*DATA EXCERPT*
=====
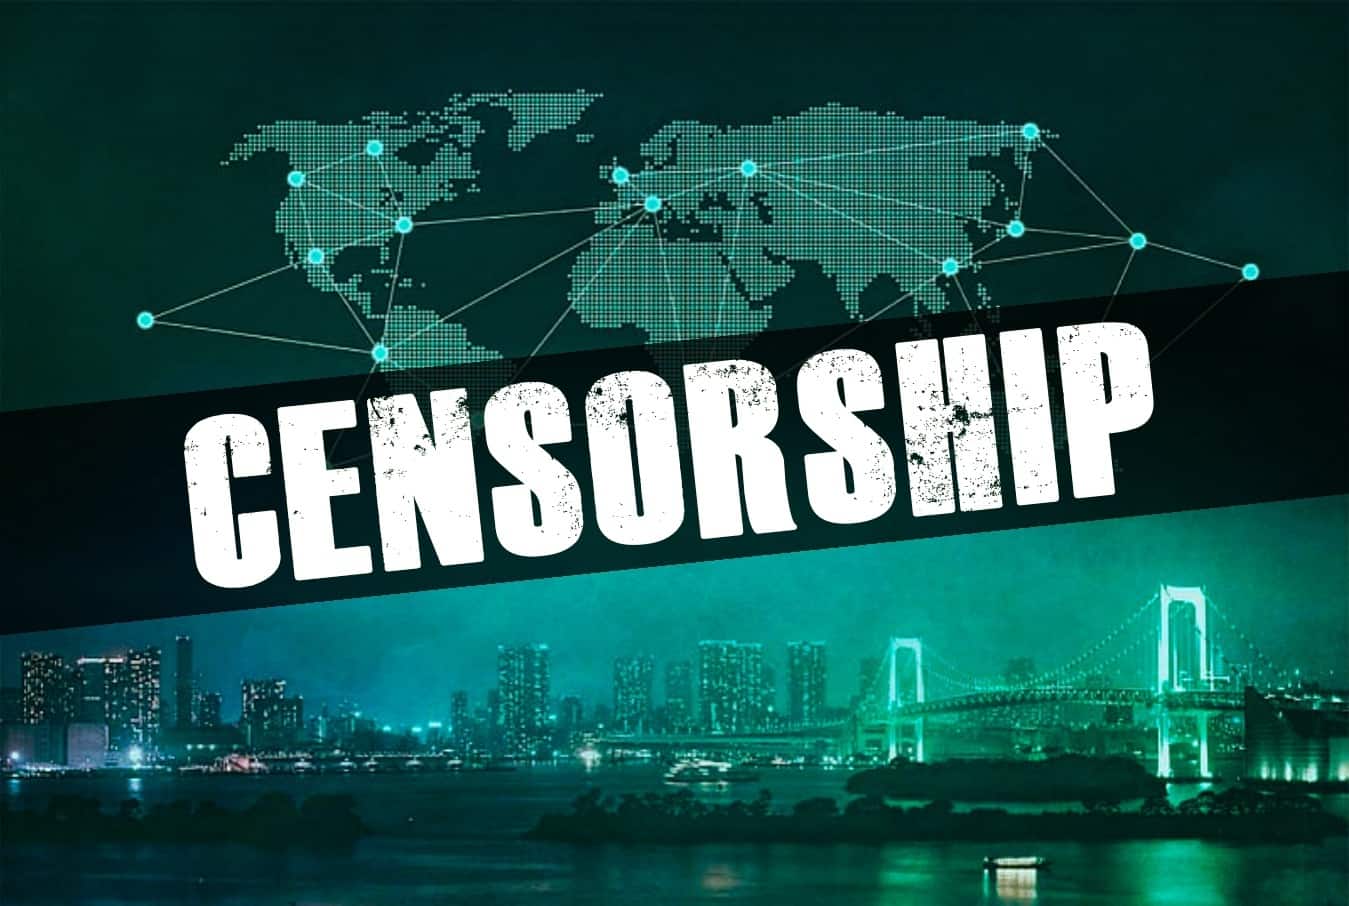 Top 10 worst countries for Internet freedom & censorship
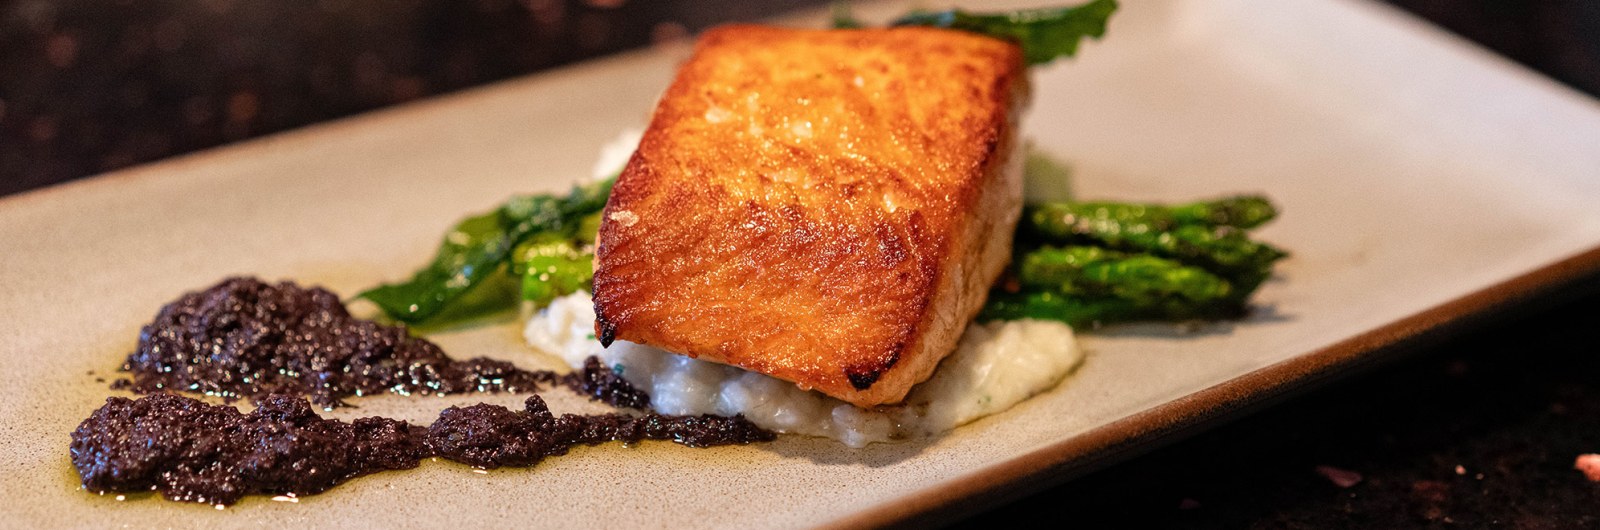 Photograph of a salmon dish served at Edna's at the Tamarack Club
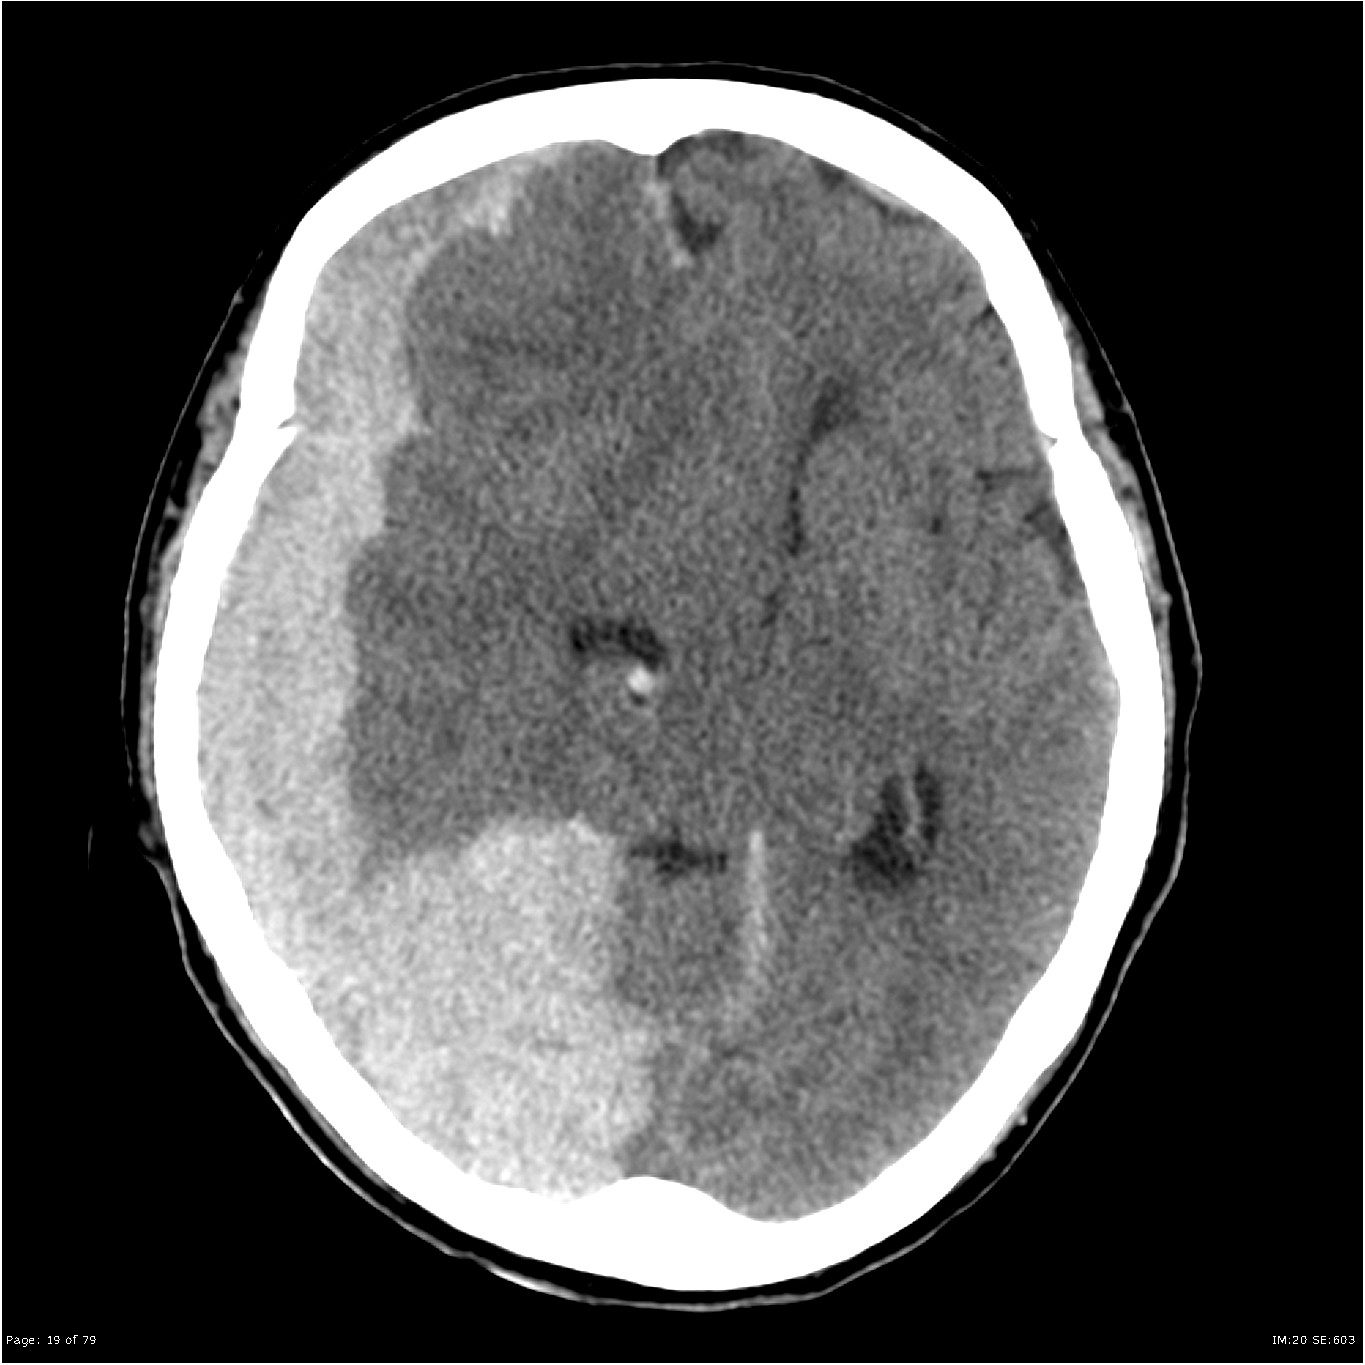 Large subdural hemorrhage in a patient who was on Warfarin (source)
=====
*TRY IT*
Using the listing above, copy exactly the lines from the one that contains "Photograph of a" through its last line, both included, but not the pictures.

*TASK OUTPUT*
 Photograph of a salmon dish served at Edna's at the Tamarack Club
 Large subdural hemorrhage in a patient who was on Warfarin (source)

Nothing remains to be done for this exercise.